[EMAIL PROTECTED] wrote:
>
> Ex2:
> a: [""]
> b: copy a
> change/only a "x"
> a
> b
>
> >> a: [""]
> == [""]
> >> b: copy a
> == [""]
> >> change/only a "x"
> == []
> >> a
> == ["x"]
> >> b
> == [""]
> You see, that by changing A we didn't change it's copy B.
>
> Ex3:
> a: [""]
> b: copy a
> insert first a "x"
> a
> b
>
> Results:
> >> a: [""]
> == [""]
> >> b: copy a
> == [""]
> >> insert first a "x"
> == ""
> >> a
> == ["x"]
> >> b
> == ["x"]
>
> Now, even B looks changed. How did I manage to do it?
>
Because you used 'copy without the /deep refinement. The difference
is that 'copy by default only copies the sequence of its argument
series and returns a series referencing that sequence. After the
first two lines of Ex3, we can model the state of affairs as:
a -> {{block! 1 *}}
|
V
<< * >>
|
V
{{string! 1 *}}
^ |
| V
| <<>>
<< * >>
^
|
b -> {{block! 1 *}}
The sequence under a's value is a single string reference. The
sequence under b's value is a copy, so it refers to the same string.
The expression
first a
evaluates to another reference to that same string, which is passed
to 'insert. Modifying that string (via any reference to it) has the
side effect on ALL references to the same string.
>> a: [""]
== [""]
>> b: copy a
== [""]
>> same? a b
== false
Because they're different blocks, but...
>> same? first a first b
== true
Becuase both blocks refer to the same string.

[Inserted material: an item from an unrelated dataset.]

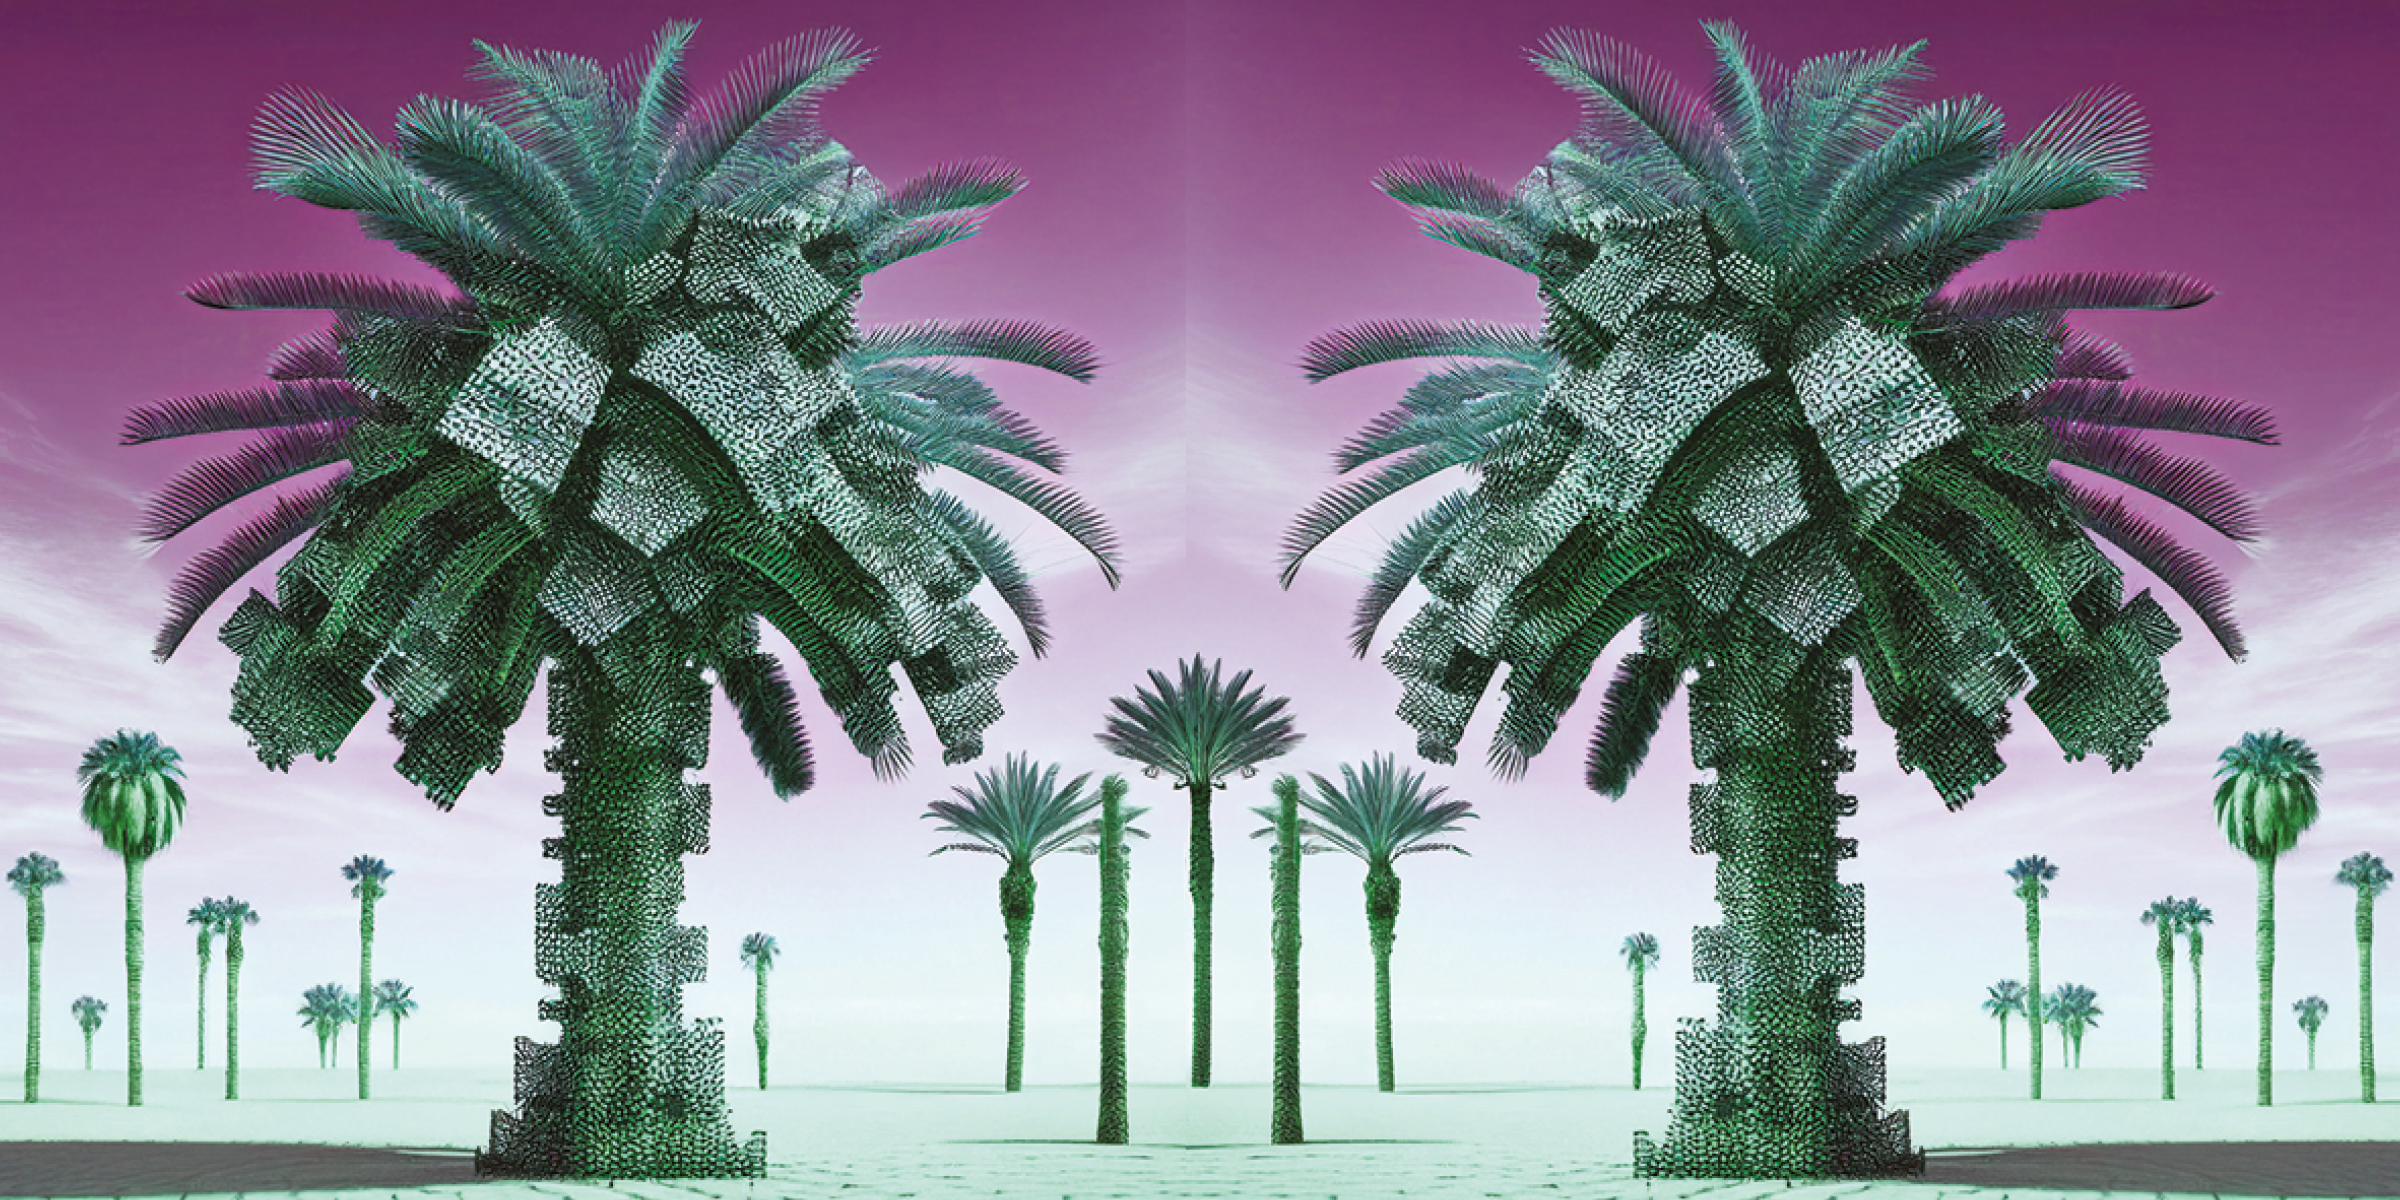 abstract image of green palm trees with purple background | ESG
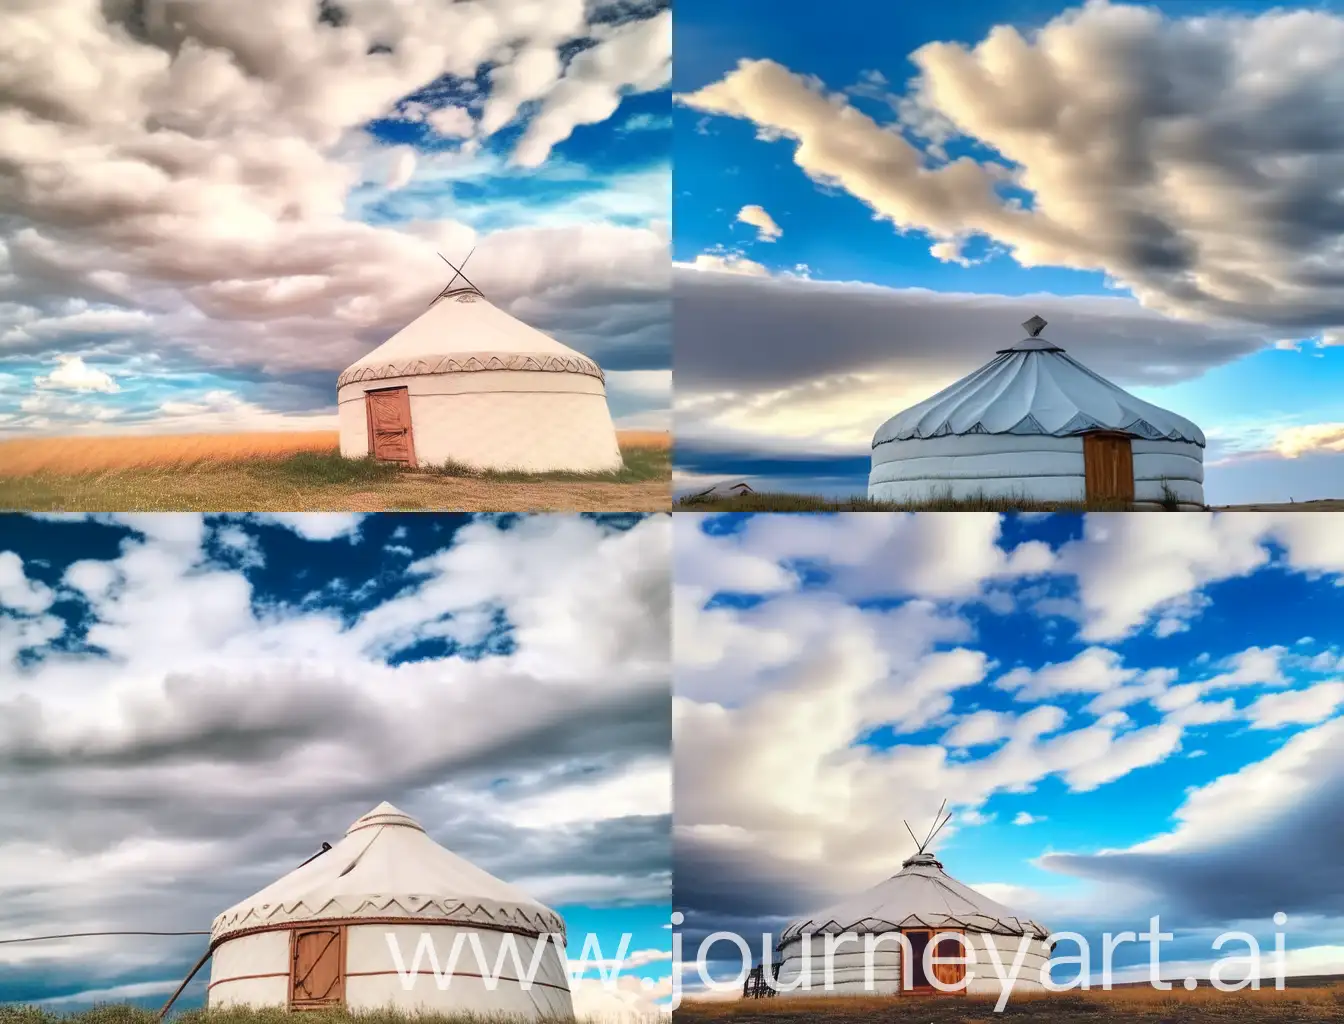 Traditional-Kazakh-Yurt-Amidst-Vast-Steppe-Landscape-with-Spiraling-Clouds

>> append first a "now you see it!"
== "now you see it!"
>> a
== ["now you see it!"]
>> b
== ["now you see it!"]
Now, using deep copying...
>> a: [""]
== [""]
>> b: copy/deep a
== [""]
>> same? a b
== false
>> same? first a first b
== false
A different block, referring to a different string.
>> append first a "now you don't!"
== "now you don't!"
>> a
== ["now you don't!"]
>> b
== [""]
-jn-